La MTHFR es una enzima reguladora implicada en
el metabolismo de la homocisteína que cataliza la reducción de
5,10-metilentetrahidrofolato a
5-metilentetrahidrofolato. Una mutación puntual
cambia C por T en el nucleótido 677 dando lugar a una sustitución de
valina por alanina en la posición 222. Esta mutación se traduce en
una pérdida de actividad enzimática (18). El efecto de esta
mutación en la trombosis venosa no está bien definido y parece que
no es un factor de riesgo independiente de trombosis venosa. El
metabolismo de la homocisteina se sitúa en la intersección de dos
vías metabólicas la de transulfuración y la de remetilación: las
mutaciones involucradas son 5-10
methylenetetrahydrofolate reductasa (MTHFR: genes C677T y Al298C),
metionin sintasa y la metionin sintasa reductasa (MTRH: gen A66G).

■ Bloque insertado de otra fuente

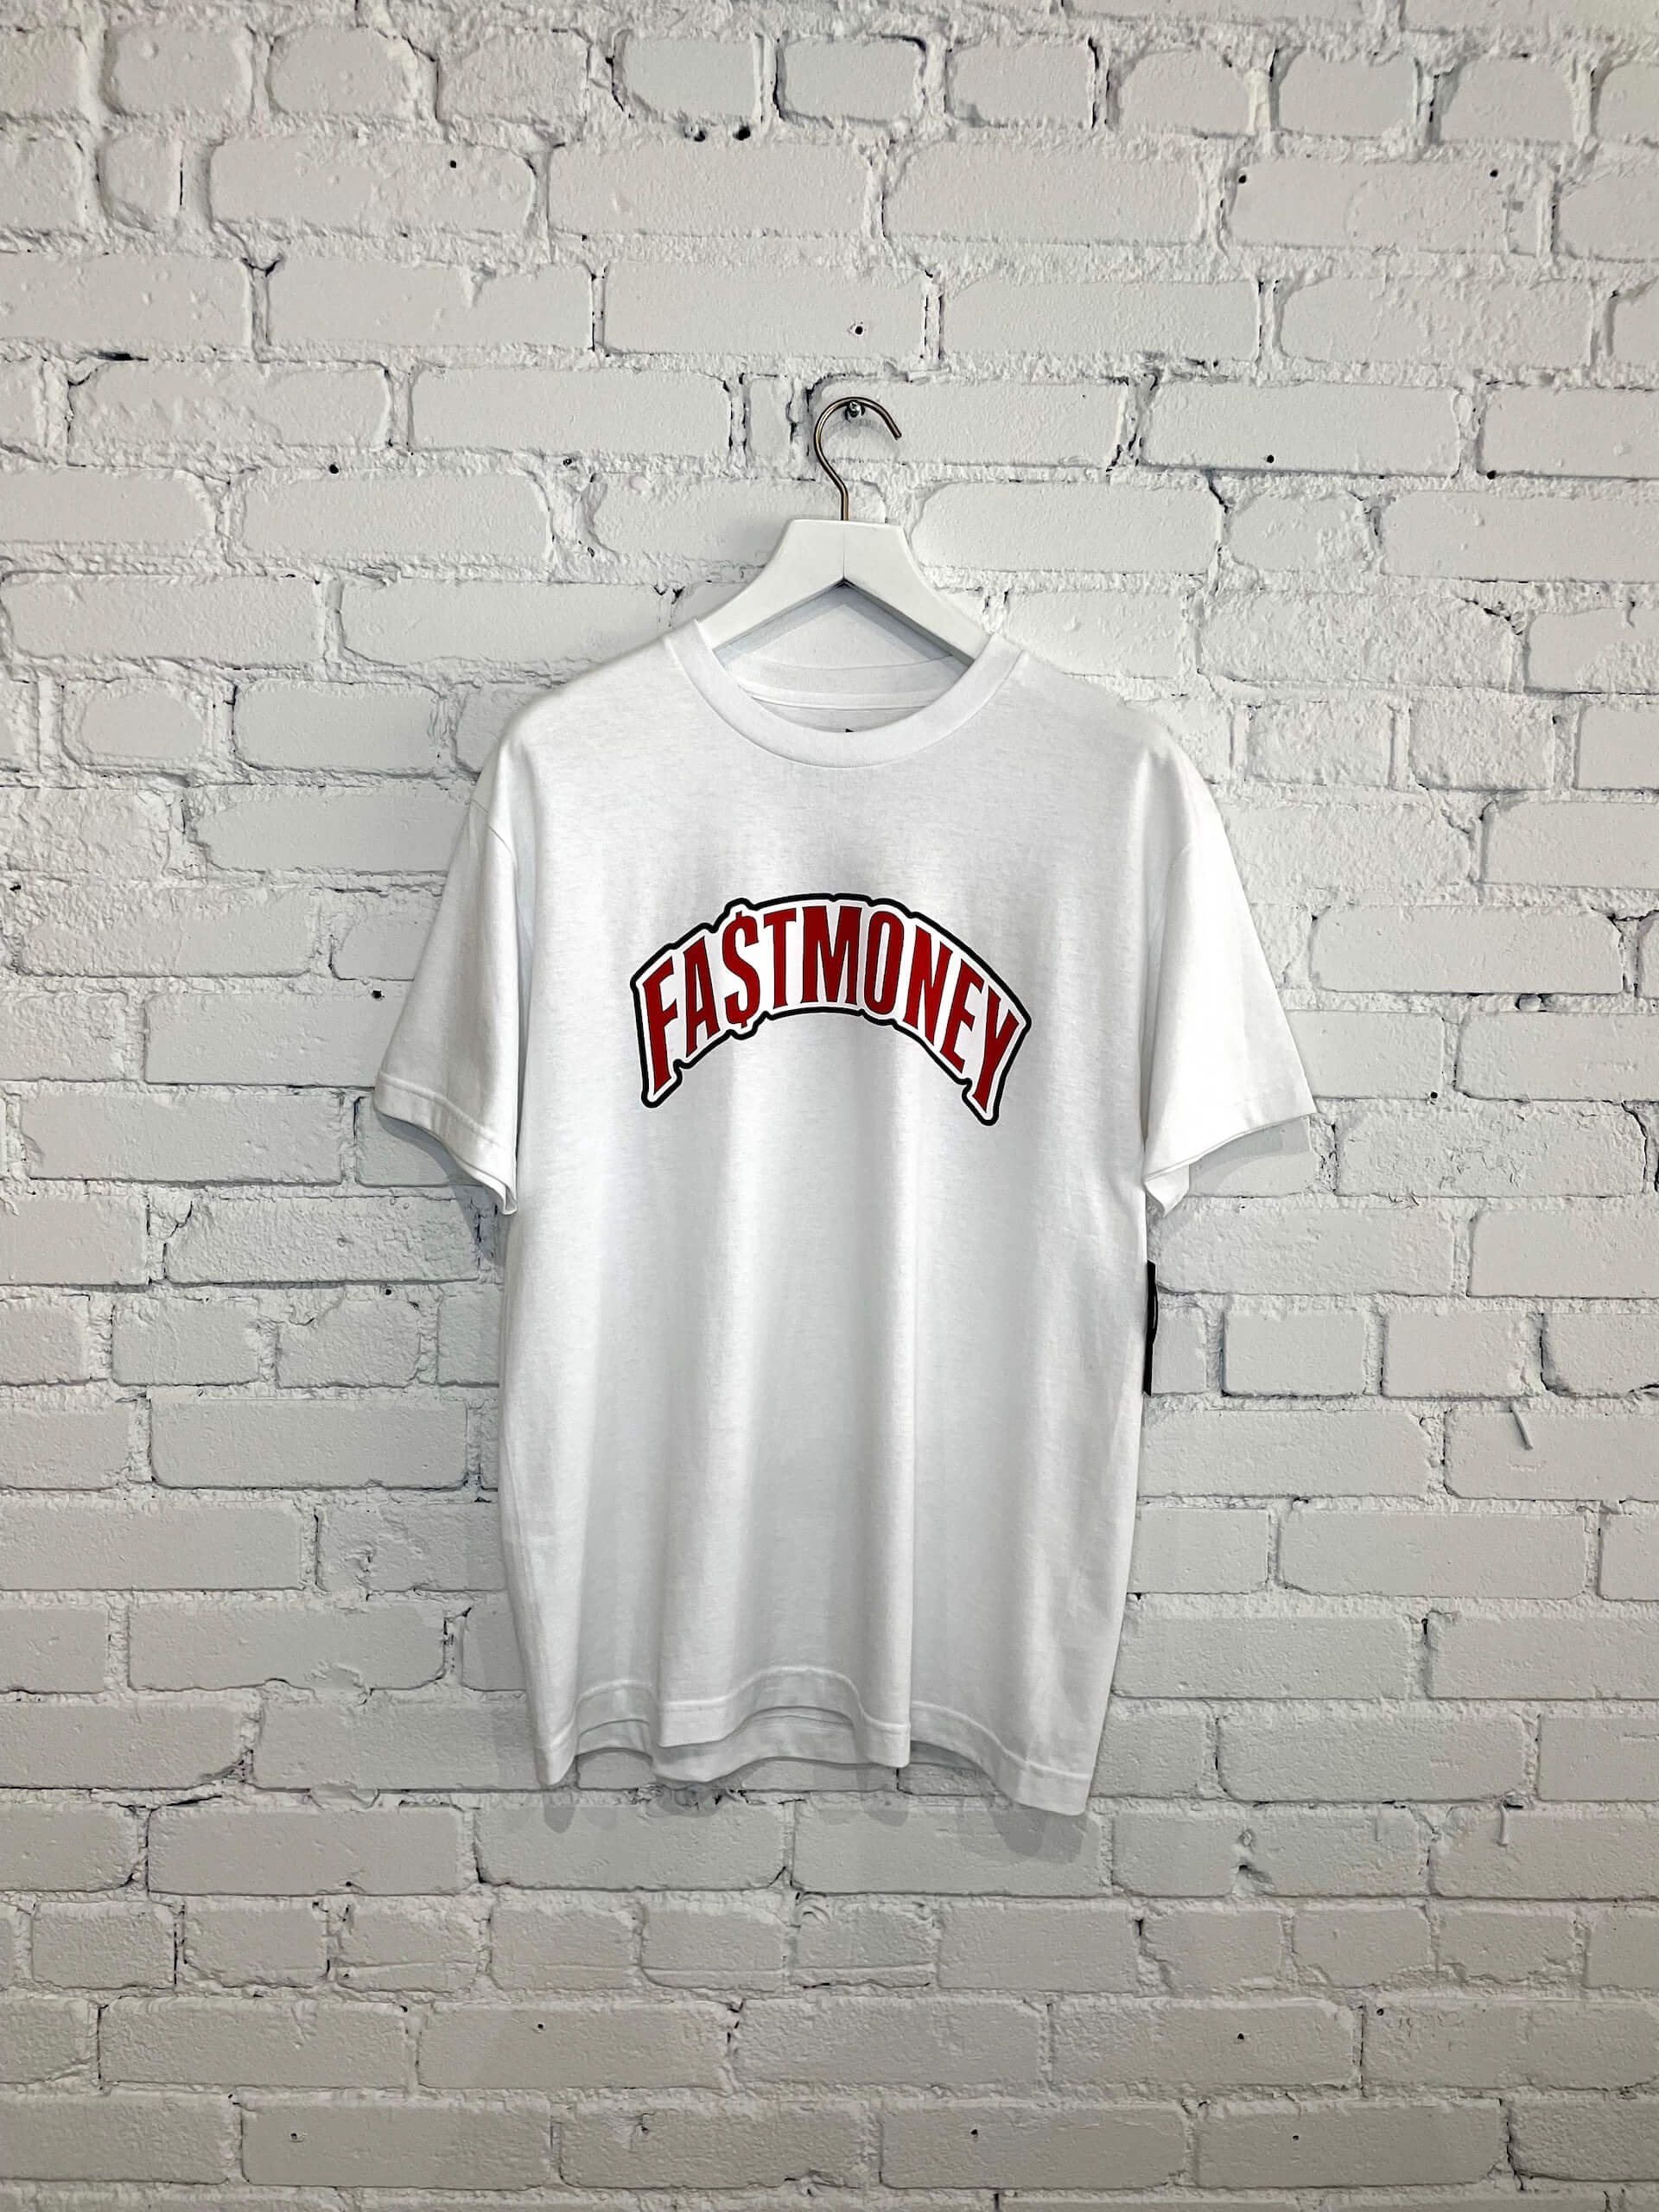 Fastmoney Tshirt

El aumento de homocisteina se acentúa en dietas pobres en folatos y
es un factor de riesgo de trombosis sobre todo en territorio
arterial (18).
El estudio de la presencia de factores que
predisponen a la trombosis es importante para la prevención y
posible profilaxis con tratamiento anticoagulante. La identificación
precoz de pacientes con riesgo de desarrollar trombosis y la
aplicación del tratamiento profiláctico disminuyen la morbilidad y
mortalidad asociada a esta enfermedad. El estudio directo del ADN
del sujeto podría determinar definitivamente la presencia de
ninguna, una o dos copias de uno o varios defectos genéticos.

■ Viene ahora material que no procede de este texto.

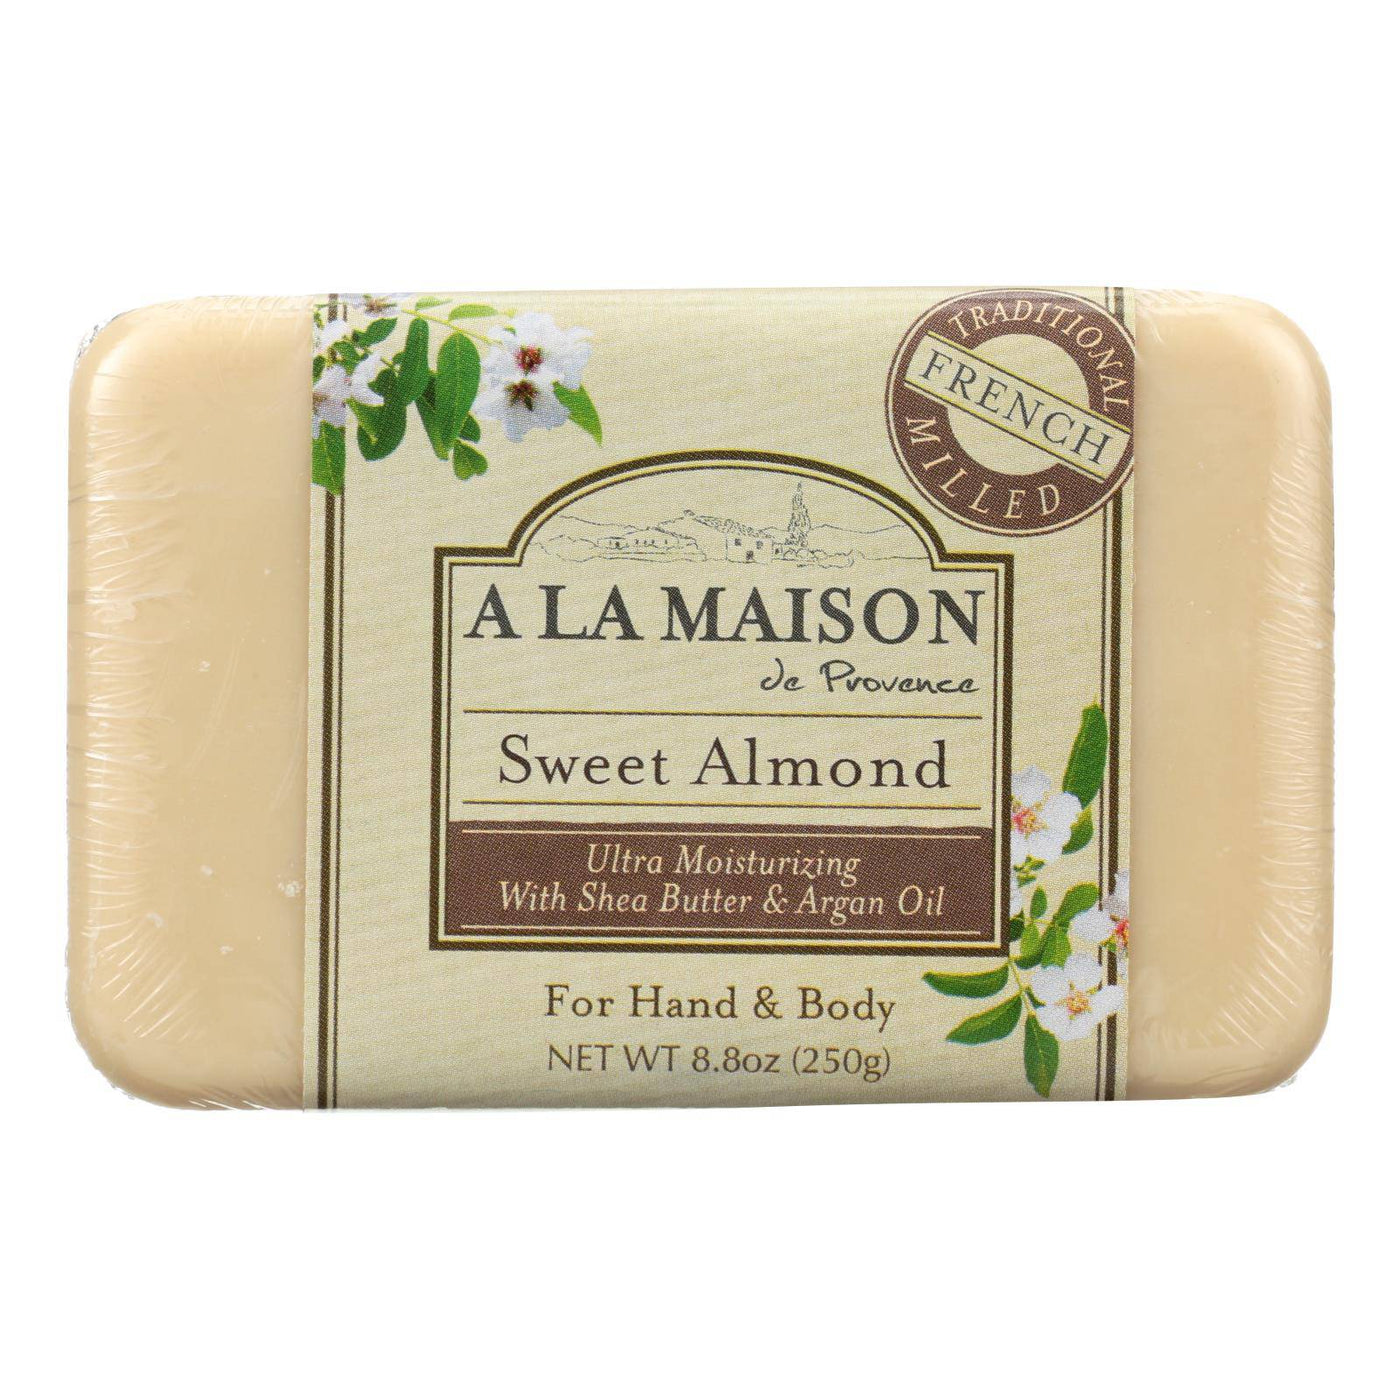 A La Maison - Bar Soap - Sweet Almond - 8.8 Oz | OnlyNaturals.us

Además es el método más adecuado para evaluar a miembros
asintomáticos pertenecientes a familias de riesgo.
La detección de estos factores de riesgo
genéticos en pacientes es de gran importancia en la rutina
hospitalaria:
- -
- Para prevenir efectos futuros en pacientes con alto riesgo de recurrencia.
- -
- Para distinguir los factores de riesgo ambientales de los factores de riesgo adquiridos, que son permanentes e irreversibles.
- -
- Para establecer tanto la duración como la intensidad de la terapia anticoagulante que podría depender de sí la causa de la trombosis es permanente o transitoria.
- -
- Para aconsejar profilaxis: dar tratamiento anticoagulante a miembros asintomáticos con alguno de estos factores genéticos de riesgo antes de periodos específicos de riesgo incrementado de trombosis, como cirugía, embarazo, uso de anticonceptivos orales o inmovilización prolongada.

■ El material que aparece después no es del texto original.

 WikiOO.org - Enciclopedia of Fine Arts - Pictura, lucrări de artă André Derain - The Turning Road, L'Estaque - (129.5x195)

Por lo tanto la existencia en los servicios
hospitalarios de tests específicos para el estudio de riesgo
trombótico (adquirido o heredado) es crucial para la evaluación
óptima de esta enfermedad. La valoración de los factores de riesgo
genético, en particular los procedimientos analíticos para la
identificación de alteraciones en el DNA genómico, está siendo ya
una parte importante en la evaluación diagnóstica de pacientes que
presentan signos y síntomas de trombosis venosa o en grupos de
riesgo.
Debido a que la demanda de estos análisis
aumenta, también crece la necesidad de métodos rápidos,
reproducibles, sencillos, automatizables, robustos y económicos que
puedan realizarse con instrumentos frecuentes en cualquier
laboratorio de diagnóstico.
El hecho de poder detectar las 4 alteraciones
genéticas, anteriormente descritas, (G1691A FV, G20210A FII, C677T
MTHFR y C46T F12), de forma simultánea, hace que el proceso de
genotipado sea mucho más rápido, eficiente y económico (20).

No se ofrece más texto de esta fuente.